DIRECTIONS FOR THIS TASK
The answer is a stretch of the material below, returned exactly: the line containing "black and white, monochrome, water, monochrome", the line containing "Belated Birthday Messages", and all lines between.

PROVIDED DATA
|---|

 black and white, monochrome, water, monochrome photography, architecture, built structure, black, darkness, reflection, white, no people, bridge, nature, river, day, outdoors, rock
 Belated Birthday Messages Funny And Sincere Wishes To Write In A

|---|

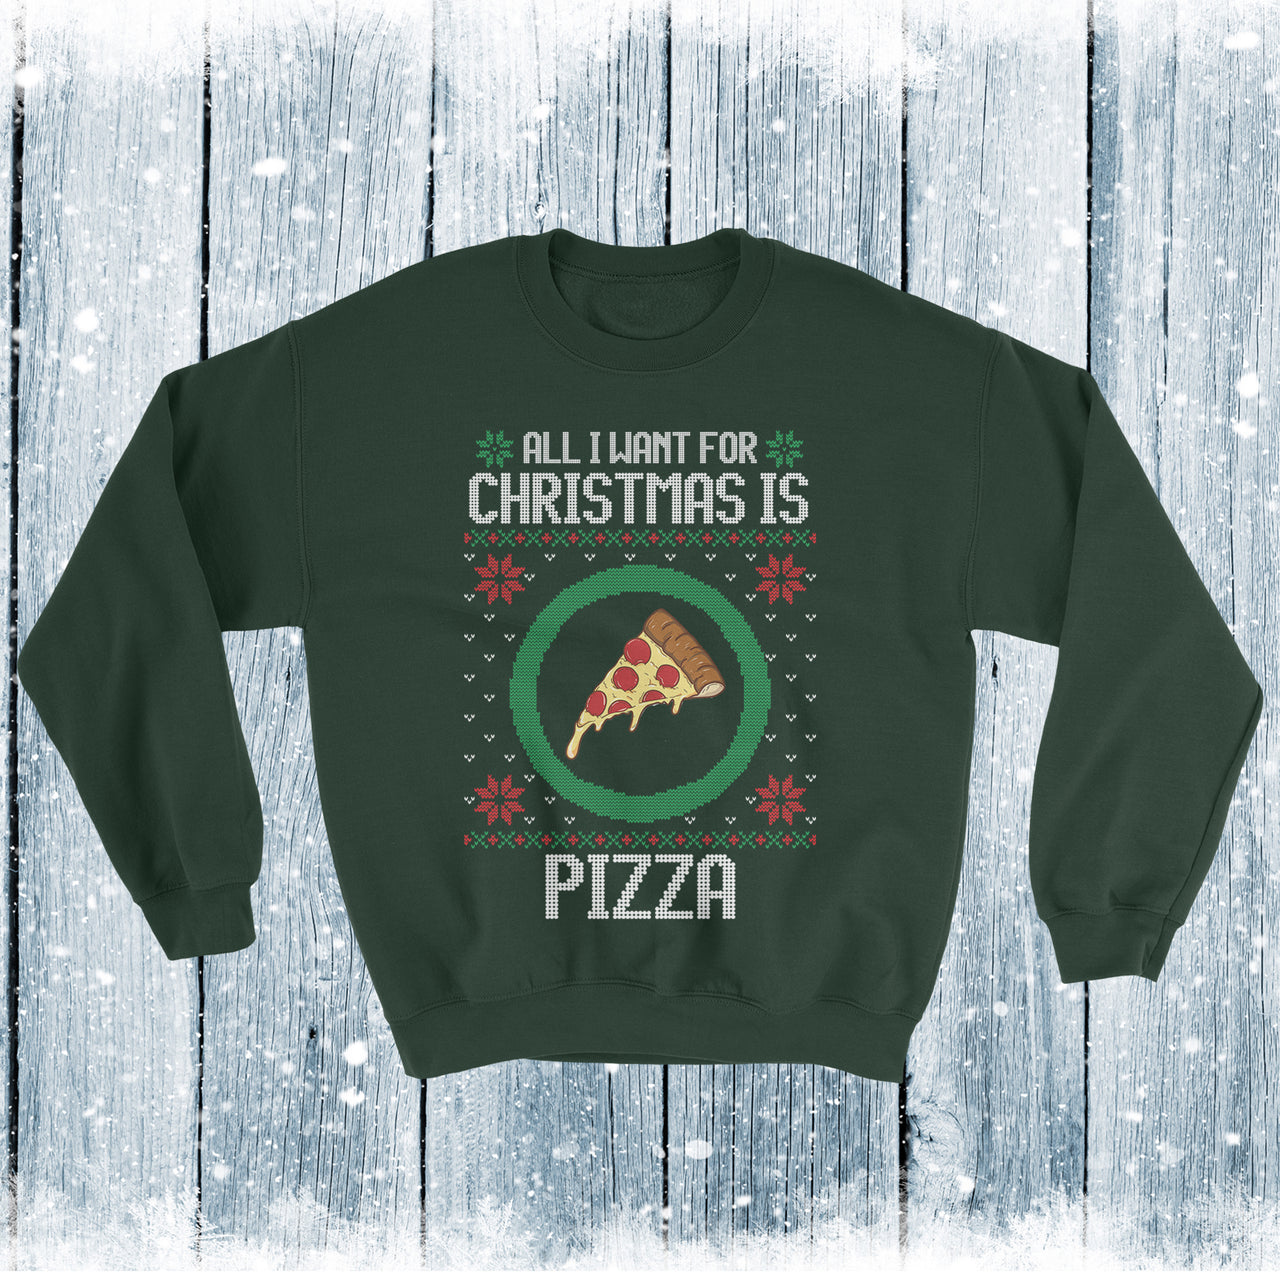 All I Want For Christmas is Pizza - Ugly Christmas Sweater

|---|

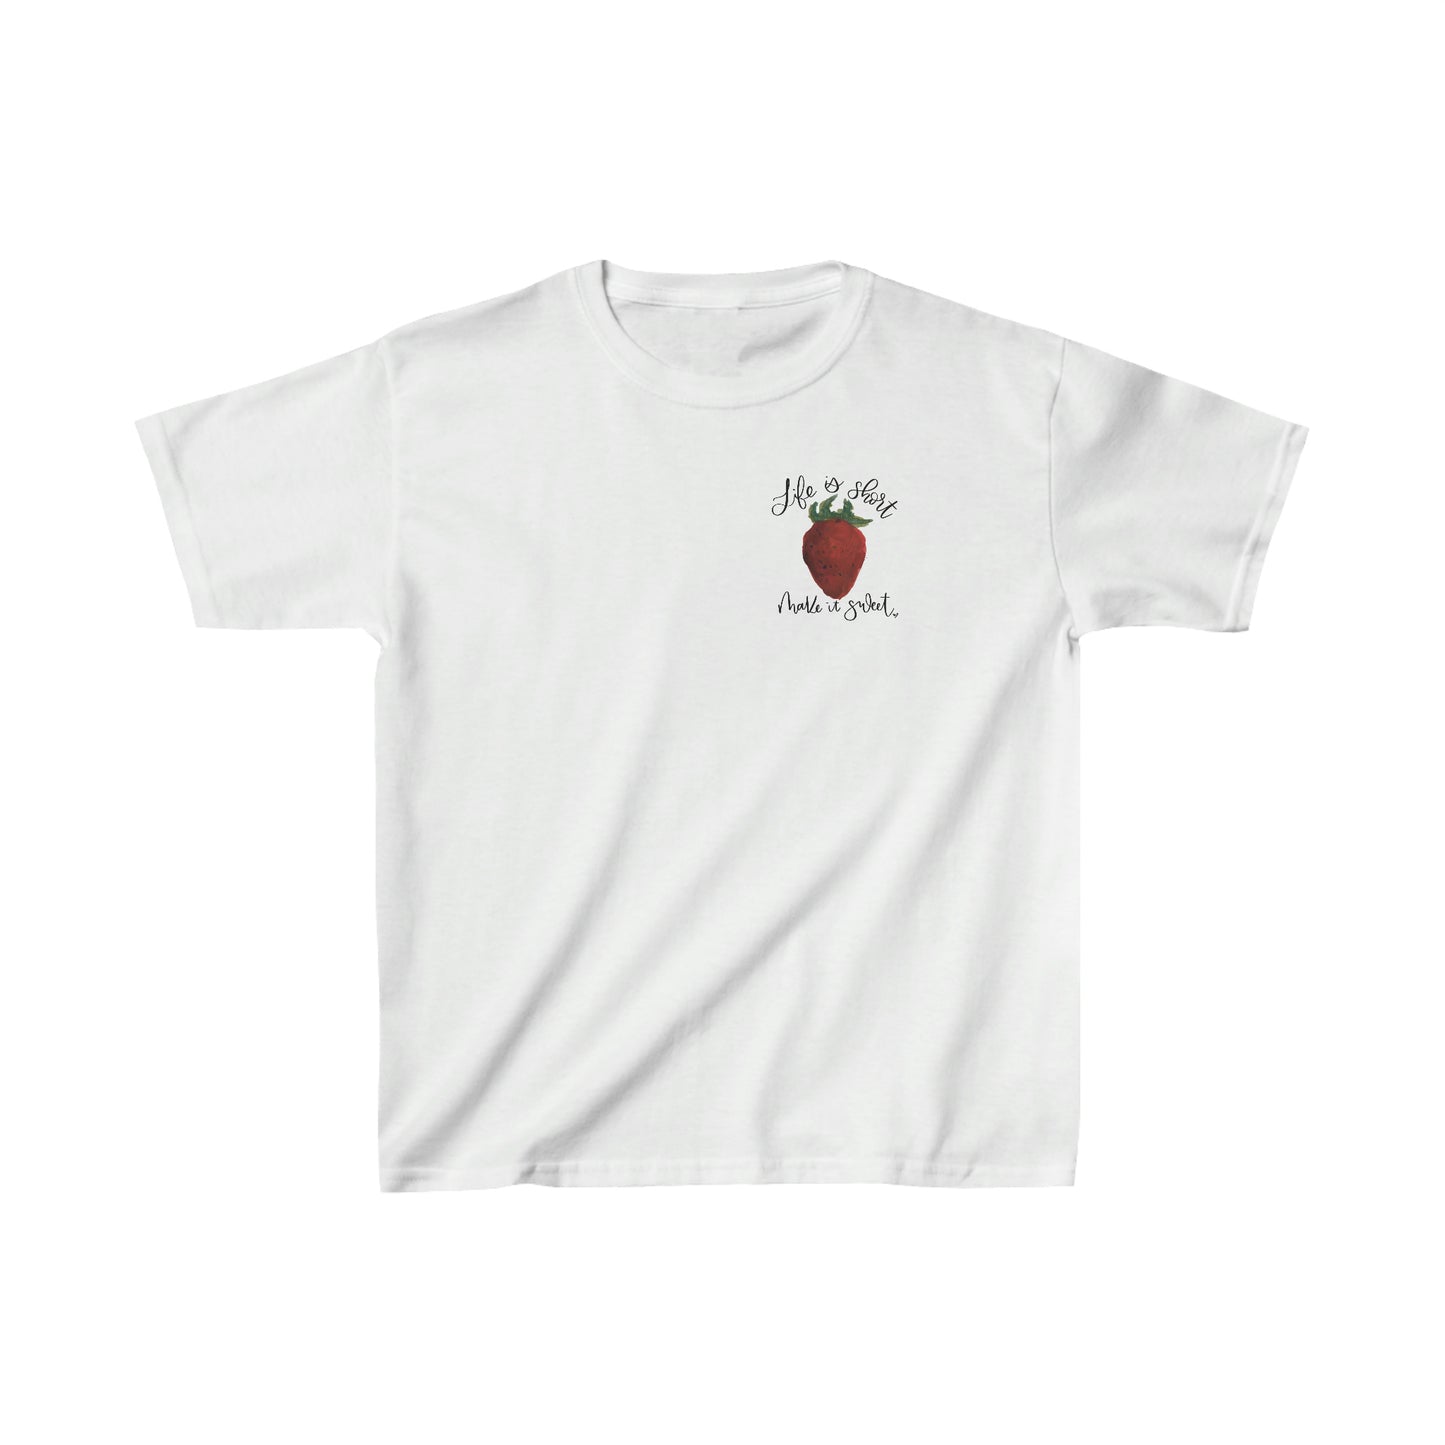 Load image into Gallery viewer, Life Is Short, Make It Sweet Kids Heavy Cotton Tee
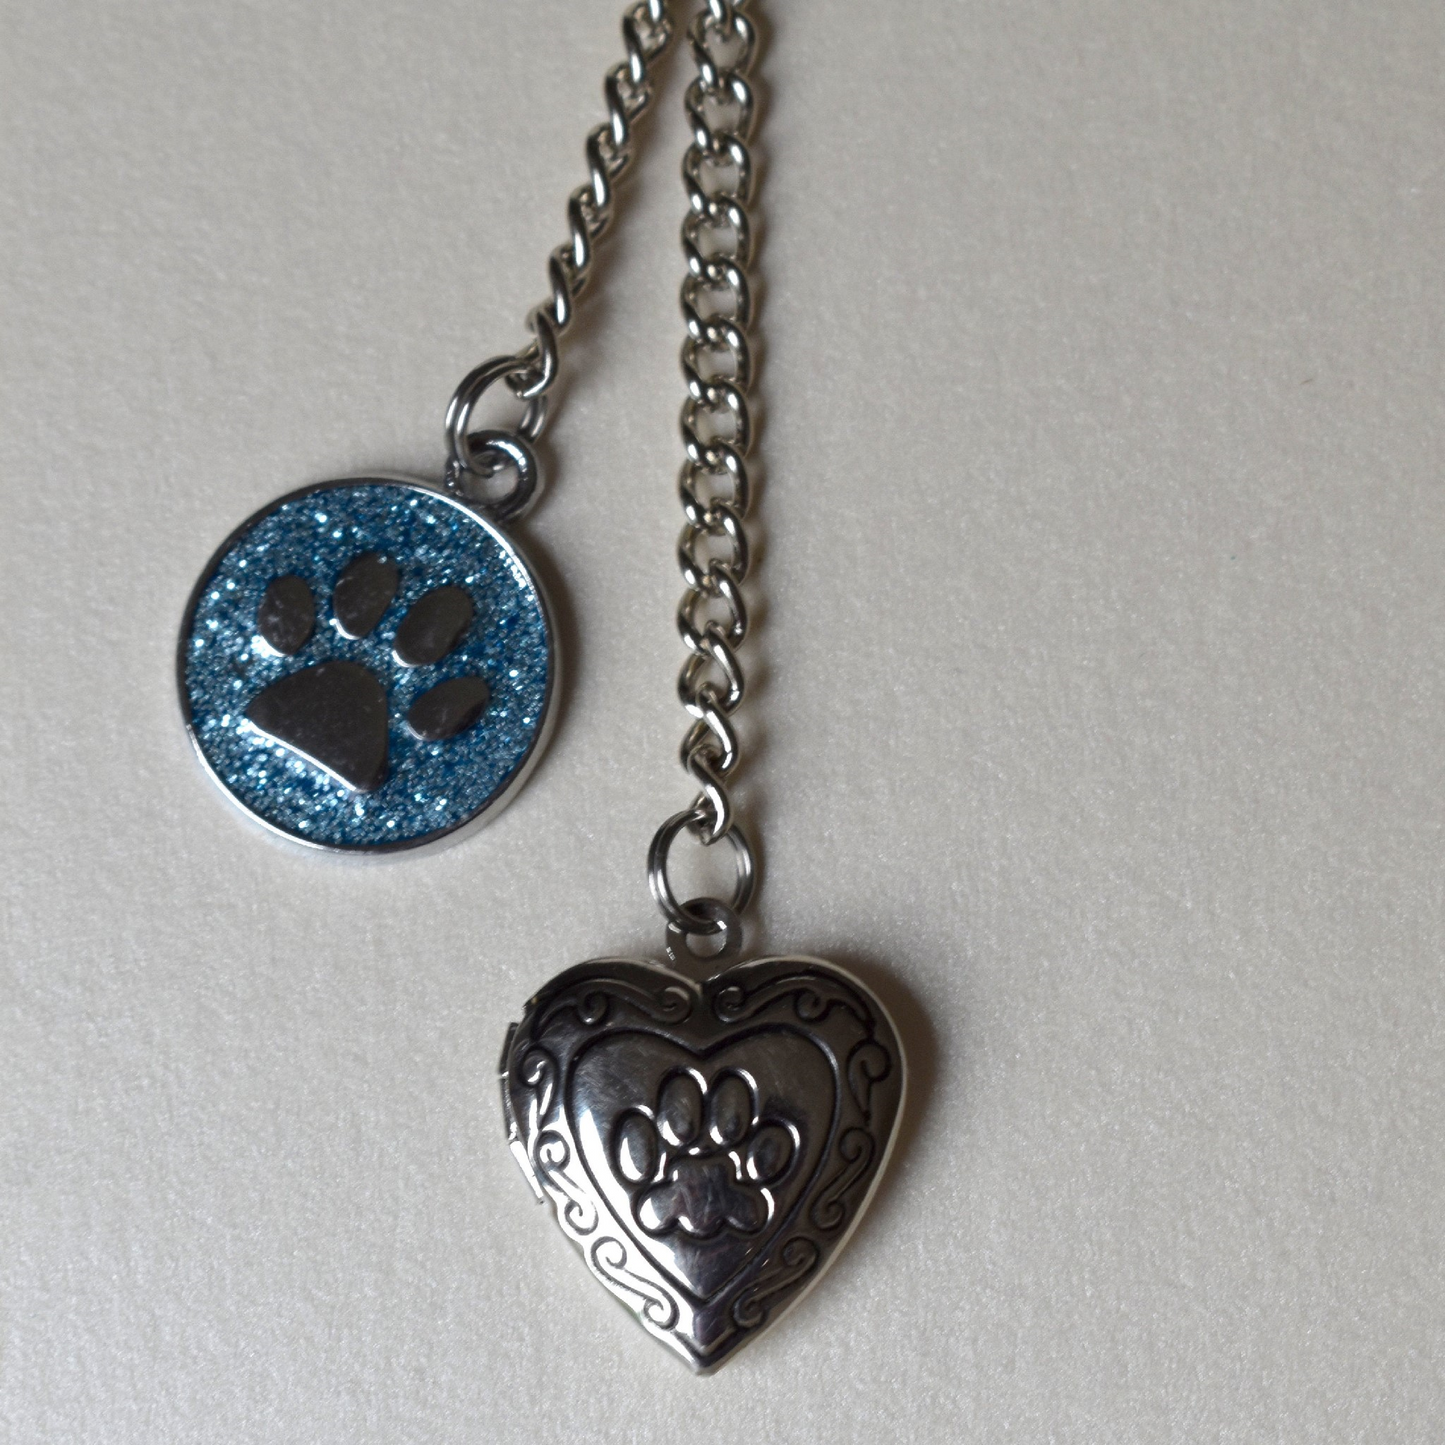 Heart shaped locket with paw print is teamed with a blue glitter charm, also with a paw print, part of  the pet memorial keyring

|---|

TASK RESPONSE
 black and white, monochrome, water, monochrome photography, architecture, built structure, black, darkness, reflection, white, no people, bridge, nature, river, day, outdoors, rock
 Belated Birthday Messages Funny And Sincere Wishes To Write In A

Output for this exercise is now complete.